The damage to the Heʻeia Fishpond wall resulting from the 1965 flood, the growth of mangrove roots, and the activities of eels varied from a few stones missing from its top in some places to portions where the wall had broken down all the way to its foundation (niho) stones. Repair and restoration of the wall requires the removal from it of invasive plant species — mangroves, pluchea, pickleweed, and other weeds — followed by repair or reconstruction of the outer basalt portions of the wall and filling the gap between them with coral. Between early 2004 and early 2007, when wall repairs cost about US$1,500 per 100 ft, volunteers repaired about 600 ft of the wall
and by early 2007 six of the wall′s sluice gates (mākāhā) were functioning. By 2008, the temporary 1992 concrete wall was failing, and required replacement by a permanent wall repair. In December 2015, the largest hole in the wall was closed. A 50 m section of the wall destroyed in 1965 was not rebuilt to the same height as the original wall, and as a result water can flow between the fishpond and Kāneʻohe Bay over this portion of the wall during high tide.

===Invasive seaweed removal===

Removal of invasive seaweed — primarily Kappaphycus, Acanthophora spicifera, and Gracilaria salicornia — from Heʻeia Fishpond began in 2004, and by 2018 Paepae o He‘eia had removed over 50 ST of it. The seaweed is rich in potassium, and when possible is provided to farmers for use as a fertilizer.
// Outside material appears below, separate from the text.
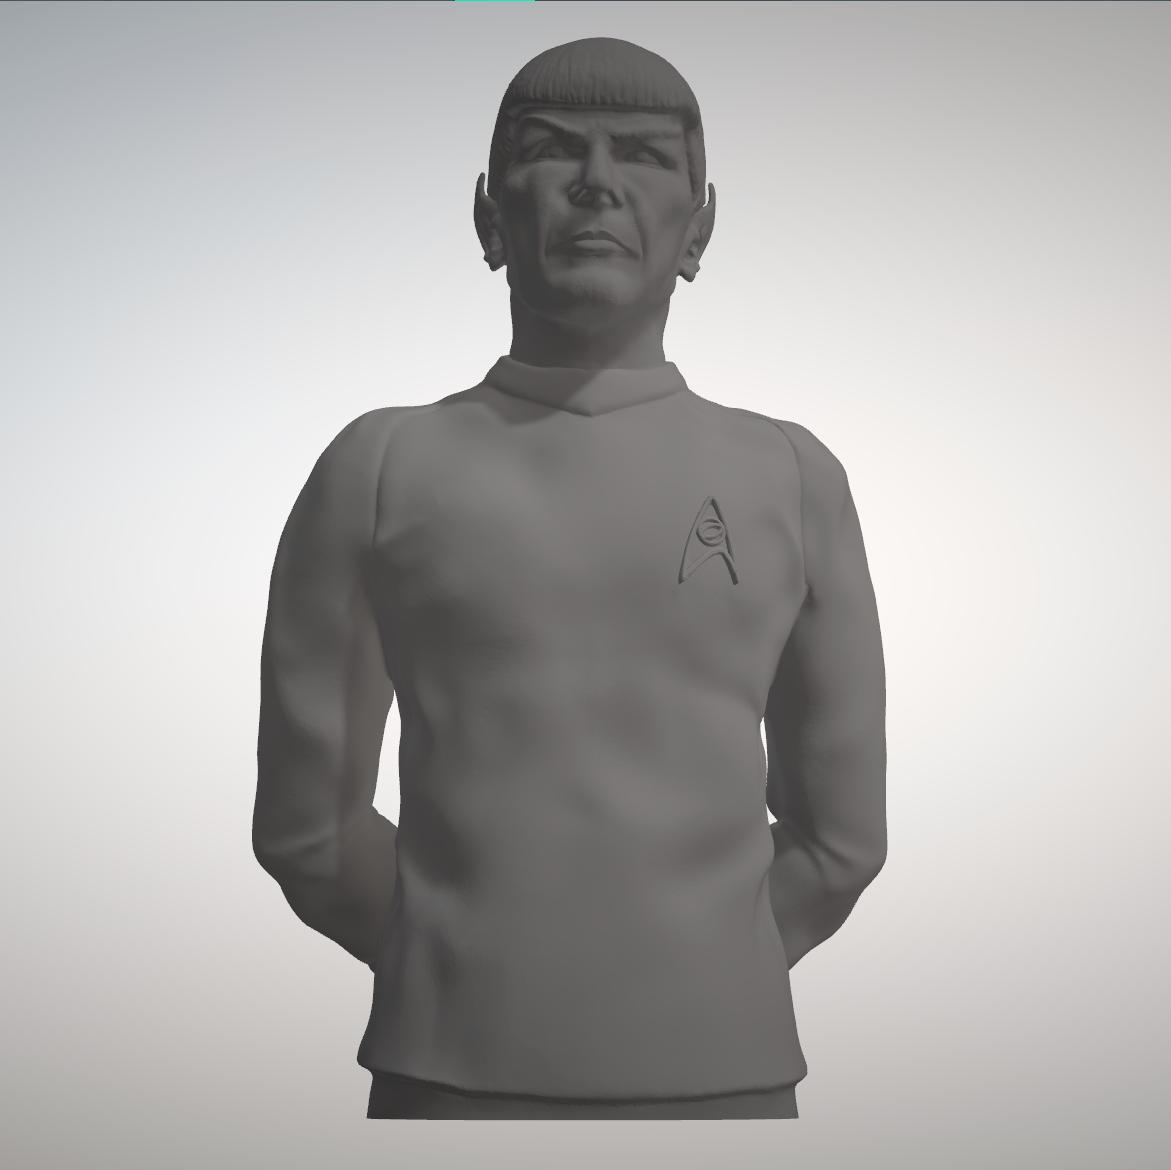 Sandpiper_Spock_Full1.png Download STL file Star Trek Mr. Spock figurine and bust UPDATED • 3D printable object, sandpiper
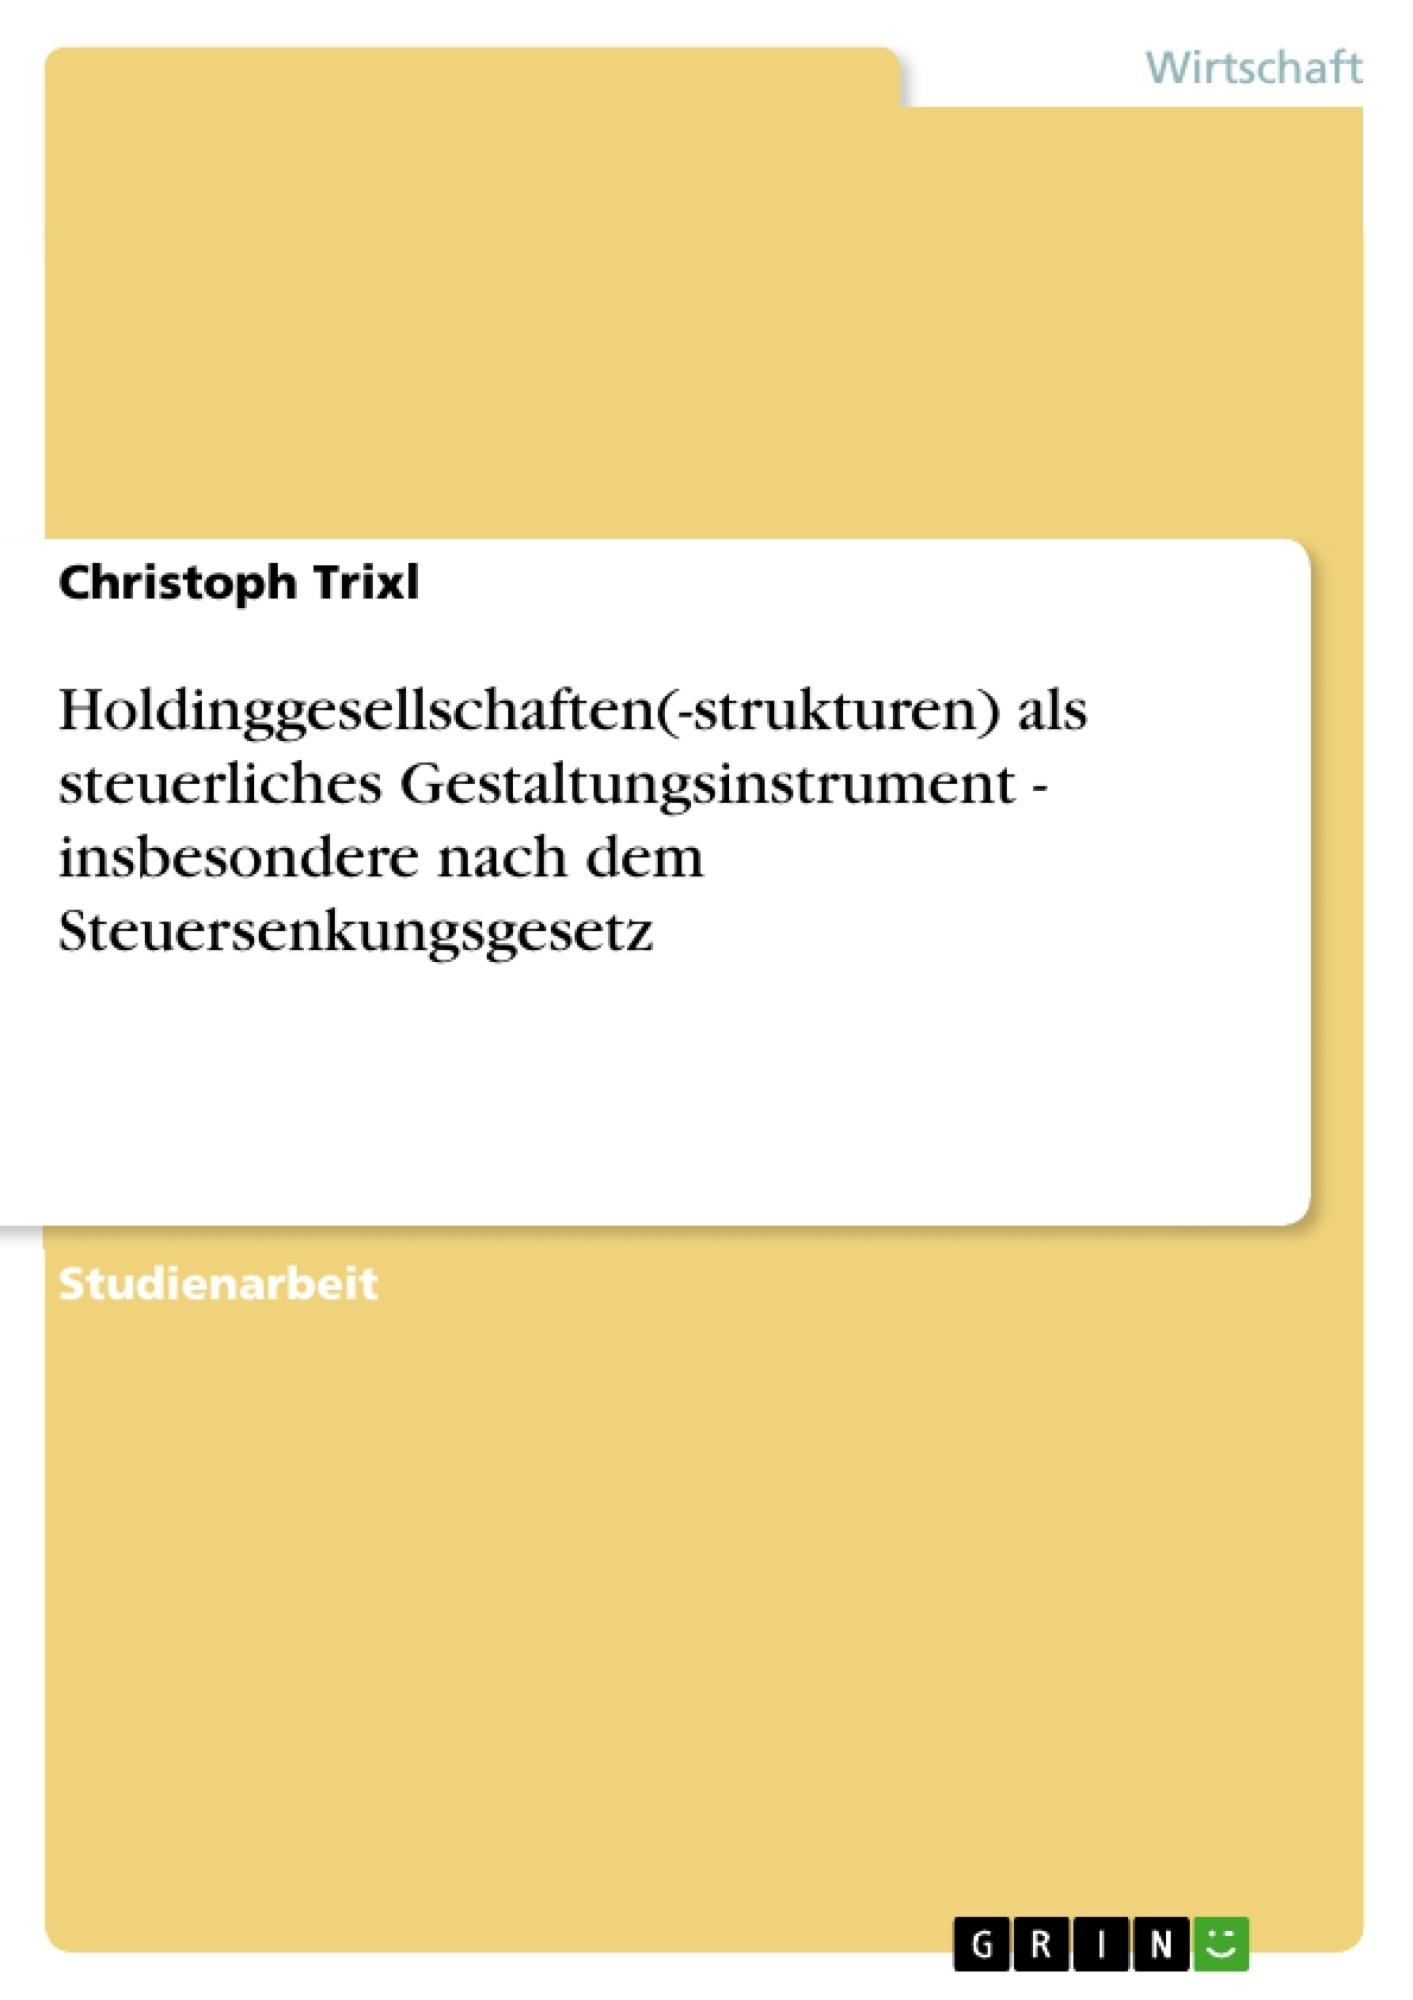 Titel: Holdinggesellschaften(-strukturen) als steuerliches Gestaltungsinstrument - insbesondere nach dem Steuersenkungsgesetz

In 2019, Paepae o He‘eia began partnering with the Heʻeia National Estuarine Research Reserve System (NERRS) and The Nature Conservancy to enhance invasive seaweed removal efforts.

===Other work===
In 2020, the University of Hawaiʻi began a project that included the installation of bioretention basins on storm drain outlets which capture storm water from over 50 homes and street surfaces and empty into Heʻeia Fishpond. The bioretention basins are intended to improve water quality in the fishpond by removing as many pollutants as possible before water from storm drains enters the fishpond.